The project opens strong with “Amen” and “Cold” – the first of which just introducing us briefly to his surprising level of technical prowess for someone who exploded onto the scene with a song like “Dat Stick”, while “Cold” sees everything click into place at the same time for him – the instrumental sounds like it comes from a 90s video game, Brian’s cadence and the off-kilter production reminding me of some of the best work on Tyler, The Creator’s latest project. When the beat drops and you hear just that little bit of extra spark in Brian’s voice it’s a refreshing sonic experience – nobody is doing it particularly like this.

“Introvert” is another great track that shows off Brian’s unique production style – it is calming and chilled, yet so appropriate for when he starts rapping some outlandish punchlines on top. An appearance from Joji – or as you may know him, YouTube’s Filthy Frank – only increases the early-Gambino kind of quality to the music. It’s funny and endearing, but there’s not a particular, overt reason why – this is just a talented guy who learned how to rap through the Internet and is having fun as his exposure peaks. There’s something about his cadence that is aggressive and percussive even though it is quiet and reserved, and when it links up with these hi-hat-infused beats it just goes ridiculously hard, all the while he’s dropping jokes about everything from ISIS to The Incredibles. Brian’s carefree and unexpected lyricism is another highlight, showcasing exactly who he is for the project’s full runtime.
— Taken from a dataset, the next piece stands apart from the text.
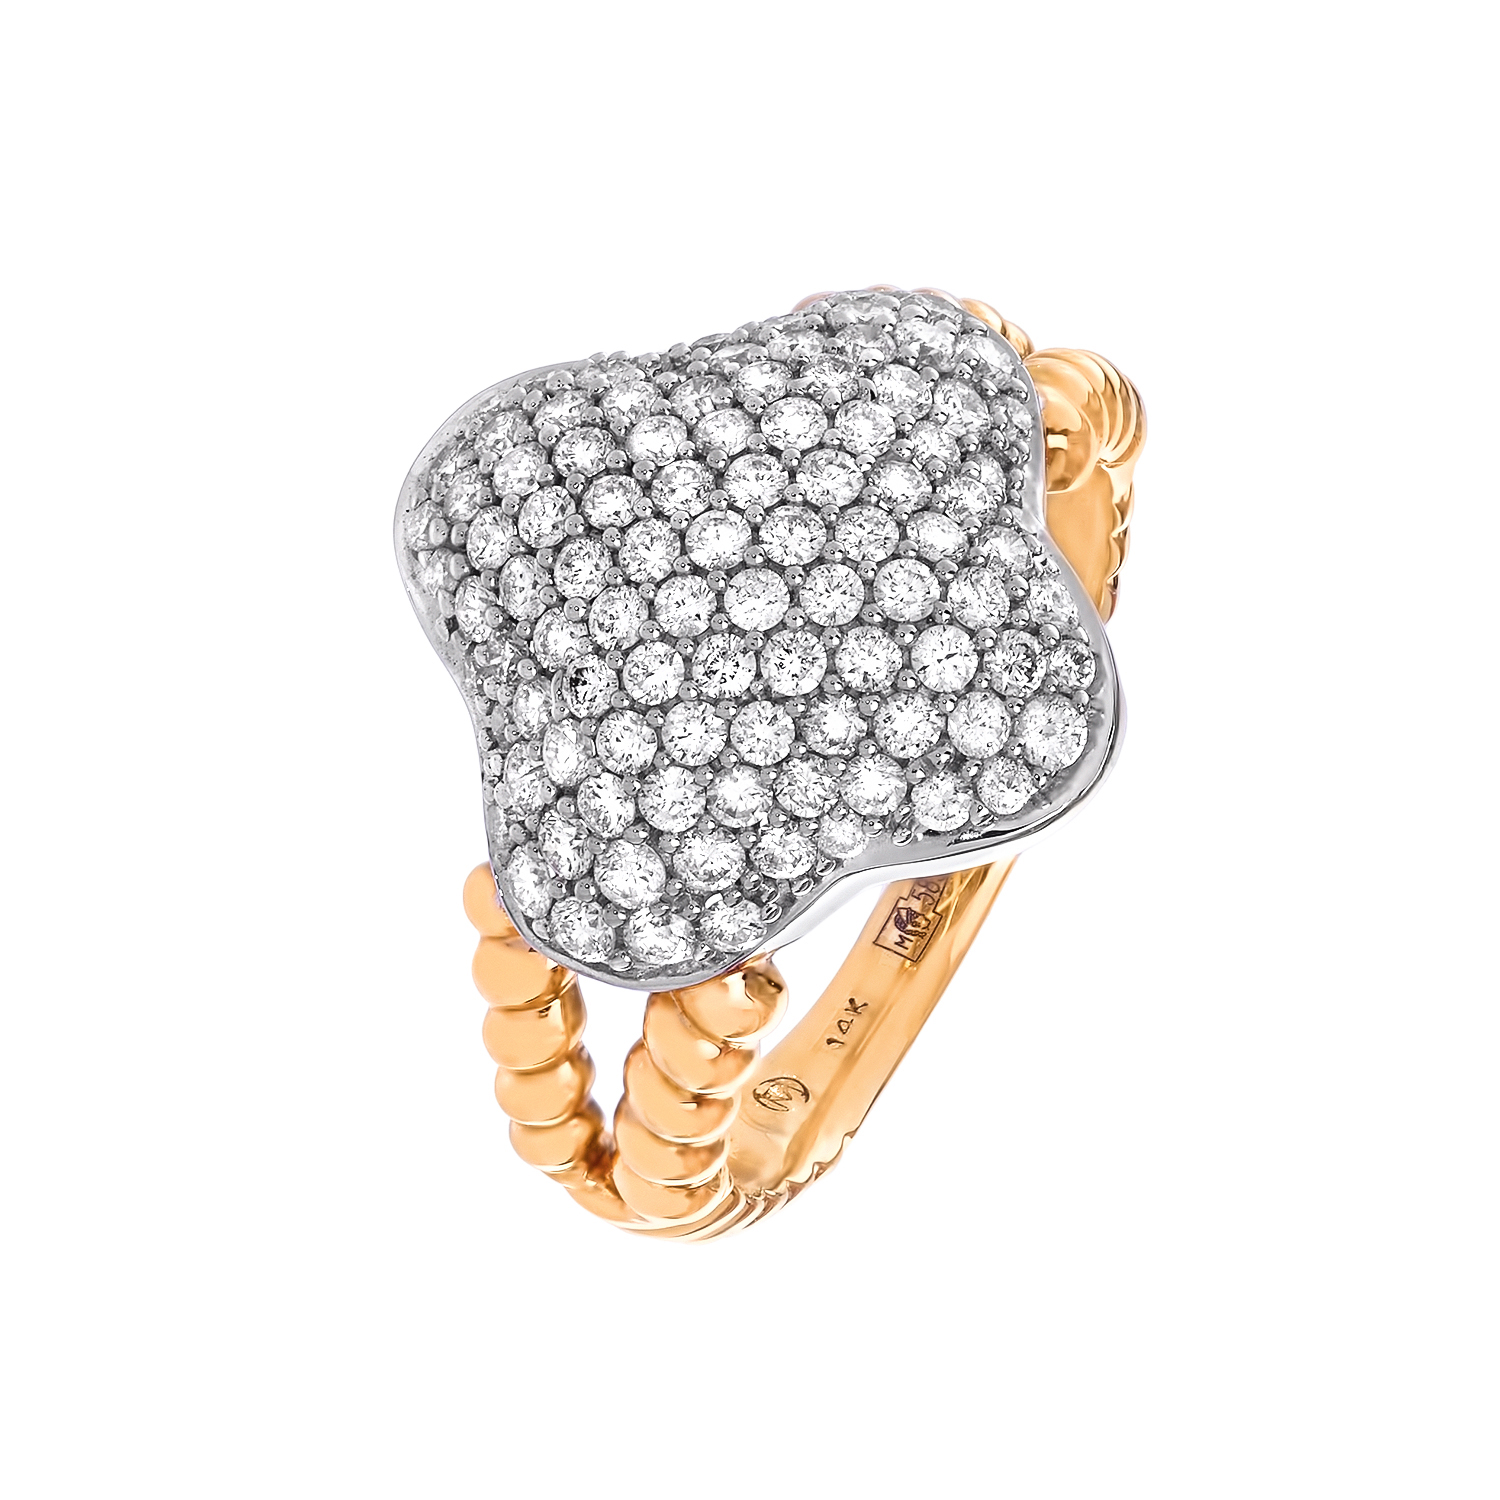 Усыпанное бриллиантами кольцо в желтом золоте  от магазина LunaLu

Some tracks, such as “Glow Like Dat”, feature more of an r&b approach, toning back the rap percussion and letting Brian’s ethereal instrumentals dominate. Brian’s intentionally sleepier approach to his bars doesn’t translate as well to his singing, going a bit too off-key to be enjoyable. Across 14 tracks as well, some of these songs begin to sound too similar to counterparts in the album’s earlier stages – even something as early as “Trespass” is the same style of trap banger with a moderately straight, monotone flow he had already demonstrated 2 or 3 times, quickly becoming forgettable. It’s certainly a trademark artistic choice that makes him stand out – but this flow can only take you so far across a full project. Someone like 21 Savage only stands out as contrast to someone more energetic.

More variation in his cadence and flows would benefit Brian well in the future, but at the moment we have to remember he is still only 18 – and this much of a fully defined artistic vision is quite impressive for someone as self-taught as Brian is.